Nathaniel Thomas Allen Fiennes, 21st Baron Saye and Sele, DL (born 22 September 1920), styled as Lord Saye and Sele, is an English peer, businessman, former chartered surveyor, and retired British Army officer.

Biography
Twisleton-Wykeham-Fiennes was born on 22 September 1920, the son of Ivo Murray Twisleton-Wykeham-Fiennes, 20th Baron Saye and Sele, and Hersey Cecilia Hester Butler. Despite a family connection with Winchester College, he was educated at Eton and then at New College, Oxford. During the Second World War he served in the Rifle Brigade (Prince Consort's Own). He received an emergency commission in the Rifle Brigade on 19 April 1941, and was promoted war-substantive lieutenant on 1 October 1942 and temporary captain on 3 September 1943. In March 1945, he was mentioned in dispatches for service in North-West Europe.

His brother, Ingel, was killed on 30 August 1941 when his Wellington bomber was shot down. His other brother was Oliver William Twisleton-Wykeham-Fiennes (1926-2011), later Dean of Lincoln (1969–89).

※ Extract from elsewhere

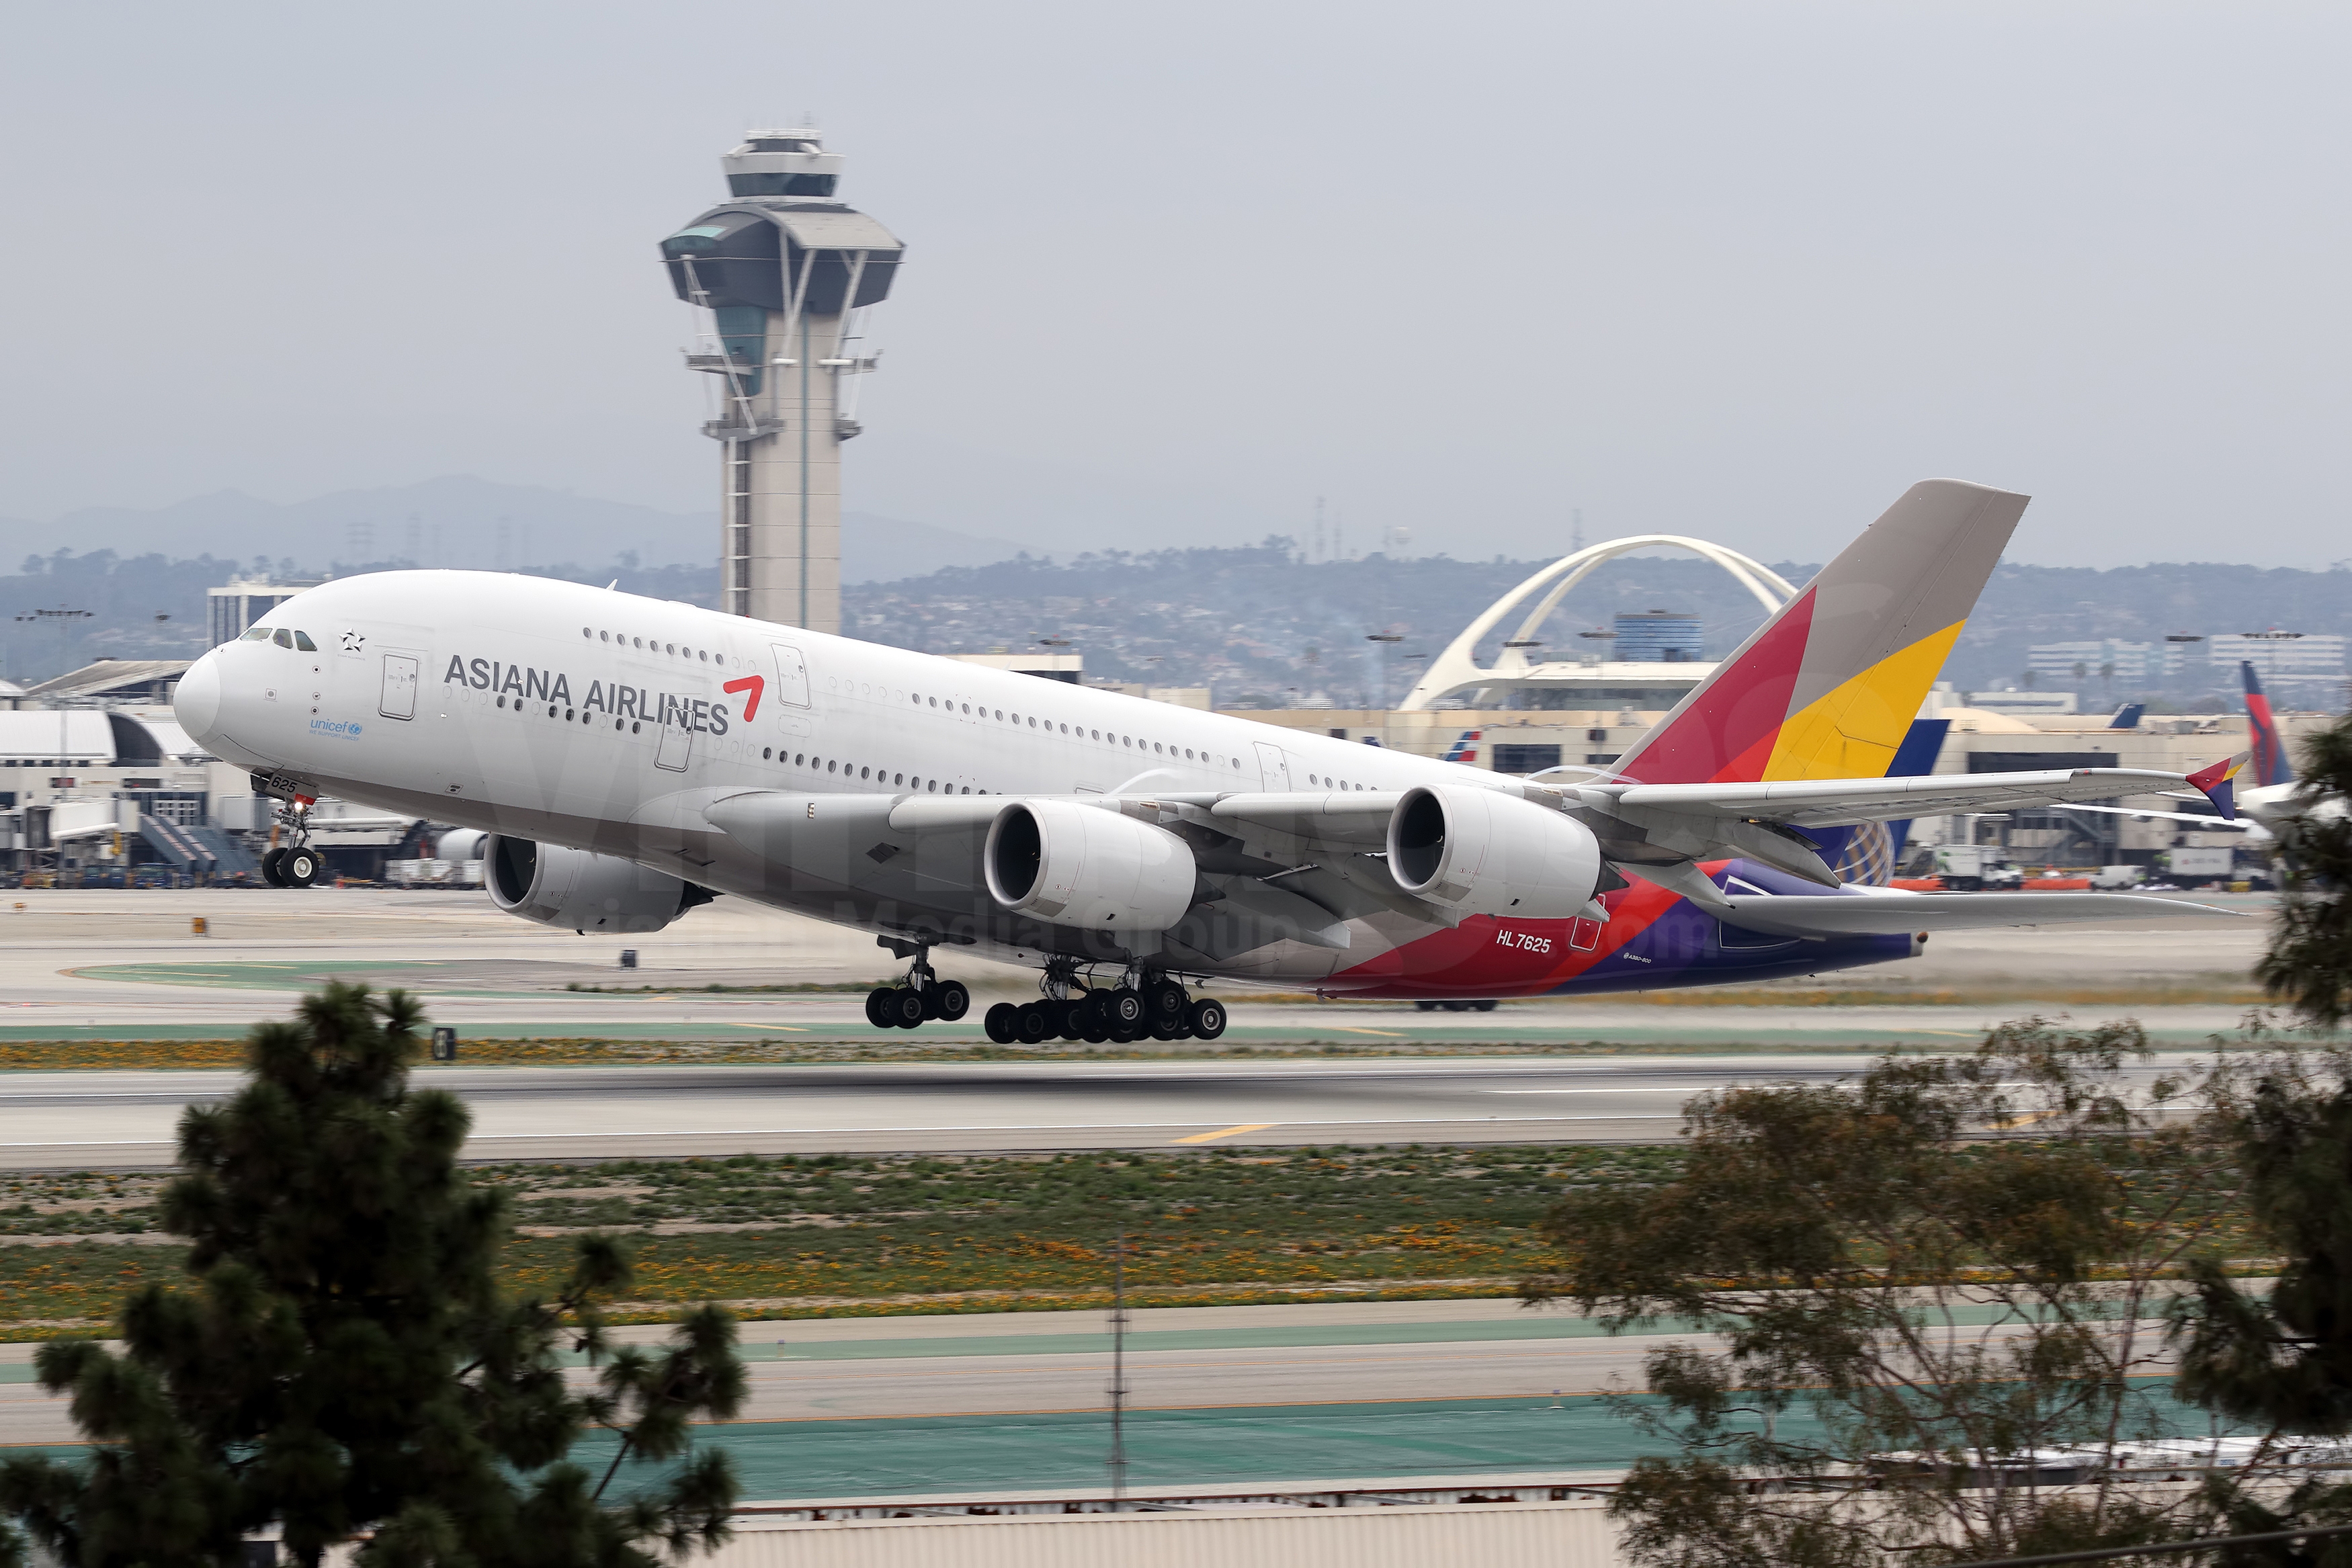 B c asia. Asiana Airlines самолеты. A380 Asiana Airlines. Airbus a380-841. Рейс 214 Asiana Airlines.

In April 1945 Twisleton-Wykeham-Fiennes and his regiment, the 8th Battalion of the Rifle Brigade, were among the first troops to reach Bergen-Belsen concentration camp.  In 2020 he recalled for the Daily Telegraph, "We turned down a small track, and it opened into a sight you would never want to see again ... People being chopped up, people on the ground, pits with three or four hundred dead bodies in each ... It was like something from a nightmare, and the smell was overpowering."  He met with Bergen-Belsen survivor Mala Tribich (originally from Piotrków Trybunalski, Poland) at his family seat, Broughton Castle, shortly before the 75th anniversary of the liberation of the camp, and was ready "to grovel before [Tribich], because I have such a respect and admiration for her.  She is the most remarkable lady ... all these survivors are."  Tribich, who was 14 and ill with typhus when Bergen-Belsen was liberated, had previously survived the ghetto in her hometown and Ravensbrück concentration camp.

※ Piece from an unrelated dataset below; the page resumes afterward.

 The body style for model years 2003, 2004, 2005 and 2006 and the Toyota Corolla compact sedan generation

After the war, Fiennes remained in the army, receiving promotion to war-substantive captain and temporary major on 15 January 1946. On 22 May 1948, he received a regular commission as a lieutenant in the Rifle Brigade (seniority from 22 May 1943), with promotion to captain effective from the same date (seniority from 22 November 1947). He was stationed in Palestine during the Palestine Emergency in 1946-47, for which he was again mentioned in dispatches in January 1949. He resigned his commission on 8 February 1950, leaving with the honorary rank of major.

Fiennes was a trustee of the Ernest Cook Trust, which works for the preservation of English country houses and estates, from 1959 until 1995, serving as chairman from 1964 until 1990. In 1965 he changed his surname by Deed poll to Fiennes thereby relinquishing the surnames Twisleton and Wykeham.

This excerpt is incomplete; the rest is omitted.